(Problem to solve):
In the data below, find each line that contains the word "Cotton" and copy it.

(Data supplied):
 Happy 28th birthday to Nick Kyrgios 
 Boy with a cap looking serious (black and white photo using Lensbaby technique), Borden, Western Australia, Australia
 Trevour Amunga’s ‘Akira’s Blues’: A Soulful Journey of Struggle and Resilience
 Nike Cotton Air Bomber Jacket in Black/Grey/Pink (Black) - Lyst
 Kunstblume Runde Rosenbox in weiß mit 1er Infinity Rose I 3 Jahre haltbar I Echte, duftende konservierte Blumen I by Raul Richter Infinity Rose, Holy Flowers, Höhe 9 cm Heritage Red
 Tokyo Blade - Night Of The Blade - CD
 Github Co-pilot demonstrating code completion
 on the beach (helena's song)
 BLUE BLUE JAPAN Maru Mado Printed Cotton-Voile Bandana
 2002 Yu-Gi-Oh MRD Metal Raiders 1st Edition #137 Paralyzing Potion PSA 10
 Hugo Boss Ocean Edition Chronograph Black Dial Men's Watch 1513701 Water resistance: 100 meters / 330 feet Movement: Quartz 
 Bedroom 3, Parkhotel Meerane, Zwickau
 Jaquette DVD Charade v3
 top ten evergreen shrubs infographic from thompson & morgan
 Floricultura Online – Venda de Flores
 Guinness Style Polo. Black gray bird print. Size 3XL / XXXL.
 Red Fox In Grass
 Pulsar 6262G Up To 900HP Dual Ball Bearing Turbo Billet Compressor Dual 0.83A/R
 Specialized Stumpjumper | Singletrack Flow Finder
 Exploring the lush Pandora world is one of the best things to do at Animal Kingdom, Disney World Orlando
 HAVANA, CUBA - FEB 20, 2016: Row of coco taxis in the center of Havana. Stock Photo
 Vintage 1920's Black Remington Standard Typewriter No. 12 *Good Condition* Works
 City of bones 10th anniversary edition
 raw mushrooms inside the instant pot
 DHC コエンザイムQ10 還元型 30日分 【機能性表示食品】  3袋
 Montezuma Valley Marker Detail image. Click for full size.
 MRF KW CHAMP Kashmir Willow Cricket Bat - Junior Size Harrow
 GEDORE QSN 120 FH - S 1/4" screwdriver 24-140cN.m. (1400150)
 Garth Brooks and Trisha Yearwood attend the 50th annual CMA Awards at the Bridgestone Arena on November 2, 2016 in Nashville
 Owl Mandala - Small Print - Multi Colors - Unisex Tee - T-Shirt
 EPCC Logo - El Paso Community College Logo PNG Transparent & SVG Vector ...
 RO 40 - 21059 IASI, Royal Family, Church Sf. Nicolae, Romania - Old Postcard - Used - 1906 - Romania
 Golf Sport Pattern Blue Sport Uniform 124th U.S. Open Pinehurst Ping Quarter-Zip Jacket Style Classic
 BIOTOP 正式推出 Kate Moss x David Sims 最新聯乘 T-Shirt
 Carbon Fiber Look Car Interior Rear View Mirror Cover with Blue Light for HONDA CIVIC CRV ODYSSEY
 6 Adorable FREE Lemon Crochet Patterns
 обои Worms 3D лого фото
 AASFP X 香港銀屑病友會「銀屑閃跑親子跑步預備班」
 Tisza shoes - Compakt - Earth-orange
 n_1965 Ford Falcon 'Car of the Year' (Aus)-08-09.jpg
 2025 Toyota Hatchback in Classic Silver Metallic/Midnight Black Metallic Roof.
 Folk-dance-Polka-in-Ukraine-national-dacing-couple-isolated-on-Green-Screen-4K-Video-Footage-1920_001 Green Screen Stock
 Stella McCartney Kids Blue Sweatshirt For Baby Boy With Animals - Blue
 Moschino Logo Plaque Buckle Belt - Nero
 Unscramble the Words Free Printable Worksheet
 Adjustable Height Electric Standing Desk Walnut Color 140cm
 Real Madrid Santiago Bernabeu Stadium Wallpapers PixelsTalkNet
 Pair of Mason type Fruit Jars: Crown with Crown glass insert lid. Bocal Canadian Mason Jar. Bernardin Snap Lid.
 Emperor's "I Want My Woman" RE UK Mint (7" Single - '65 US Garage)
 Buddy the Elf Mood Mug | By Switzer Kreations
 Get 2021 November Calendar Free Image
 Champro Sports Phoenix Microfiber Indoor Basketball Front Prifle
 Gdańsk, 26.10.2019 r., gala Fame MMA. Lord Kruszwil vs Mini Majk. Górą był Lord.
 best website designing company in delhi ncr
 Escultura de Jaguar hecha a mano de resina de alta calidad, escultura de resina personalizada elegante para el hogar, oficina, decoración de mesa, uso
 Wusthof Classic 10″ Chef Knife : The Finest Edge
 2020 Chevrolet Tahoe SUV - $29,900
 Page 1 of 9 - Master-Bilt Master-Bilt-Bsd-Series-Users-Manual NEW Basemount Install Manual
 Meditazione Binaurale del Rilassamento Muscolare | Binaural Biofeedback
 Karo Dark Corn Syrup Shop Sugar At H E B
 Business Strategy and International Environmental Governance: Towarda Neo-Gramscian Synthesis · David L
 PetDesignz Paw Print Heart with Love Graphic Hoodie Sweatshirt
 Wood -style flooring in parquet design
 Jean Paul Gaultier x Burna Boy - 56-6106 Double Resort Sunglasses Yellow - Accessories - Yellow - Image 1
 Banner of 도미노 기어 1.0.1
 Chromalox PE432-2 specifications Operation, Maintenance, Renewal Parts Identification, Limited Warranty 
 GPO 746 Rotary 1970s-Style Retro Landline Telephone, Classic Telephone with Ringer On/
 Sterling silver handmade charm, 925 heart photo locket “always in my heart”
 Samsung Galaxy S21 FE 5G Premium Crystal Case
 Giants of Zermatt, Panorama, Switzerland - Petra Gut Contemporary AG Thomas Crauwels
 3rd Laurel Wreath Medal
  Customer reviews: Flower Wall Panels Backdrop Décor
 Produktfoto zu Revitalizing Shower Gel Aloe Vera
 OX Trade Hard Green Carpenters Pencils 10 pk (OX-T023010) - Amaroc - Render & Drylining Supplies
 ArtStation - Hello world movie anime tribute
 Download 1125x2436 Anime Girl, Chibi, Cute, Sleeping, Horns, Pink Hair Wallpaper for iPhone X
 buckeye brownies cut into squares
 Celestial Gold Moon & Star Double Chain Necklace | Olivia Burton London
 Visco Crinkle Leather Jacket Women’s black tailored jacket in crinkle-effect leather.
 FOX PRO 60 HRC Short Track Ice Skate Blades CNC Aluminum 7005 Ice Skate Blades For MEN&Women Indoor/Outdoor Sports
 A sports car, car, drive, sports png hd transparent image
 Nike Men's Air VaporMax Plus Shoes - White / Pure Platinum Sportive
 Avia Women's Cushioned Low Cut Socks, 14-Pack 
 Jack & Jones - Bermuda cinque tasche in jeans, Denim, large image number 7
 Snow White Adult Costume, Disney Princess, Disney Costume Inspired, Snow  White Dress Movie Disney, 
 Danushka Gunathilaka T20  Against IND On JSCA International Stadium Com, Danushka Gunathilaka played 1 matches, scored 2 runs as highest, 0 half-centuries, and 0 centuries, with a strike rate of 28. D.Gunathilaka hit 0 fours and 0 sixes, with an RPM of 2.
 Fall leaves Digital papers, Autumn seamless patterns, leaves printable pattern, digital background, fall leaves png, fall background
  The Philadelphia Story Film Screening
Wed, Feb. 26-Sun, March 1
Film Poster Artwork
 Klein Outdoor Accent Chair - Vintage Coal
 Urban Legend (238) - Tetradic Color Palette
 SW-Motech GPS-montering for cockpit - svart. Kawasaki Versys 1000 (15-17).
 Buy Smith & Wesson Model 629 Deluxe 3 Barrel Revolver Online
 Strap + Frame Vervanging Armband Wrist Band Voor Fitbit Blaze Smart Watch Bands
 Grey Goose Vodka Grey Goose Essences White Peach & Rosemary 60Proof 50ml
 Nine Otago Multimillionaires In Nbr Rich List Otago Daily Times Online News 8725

(Response area):
 Nike Cotton Air Bomber Jacket in Black/Grey/Pink (Black) - Lyst
 BLUE BLUE JAPAN Maru Mado Printed Cotton-Voile Bandana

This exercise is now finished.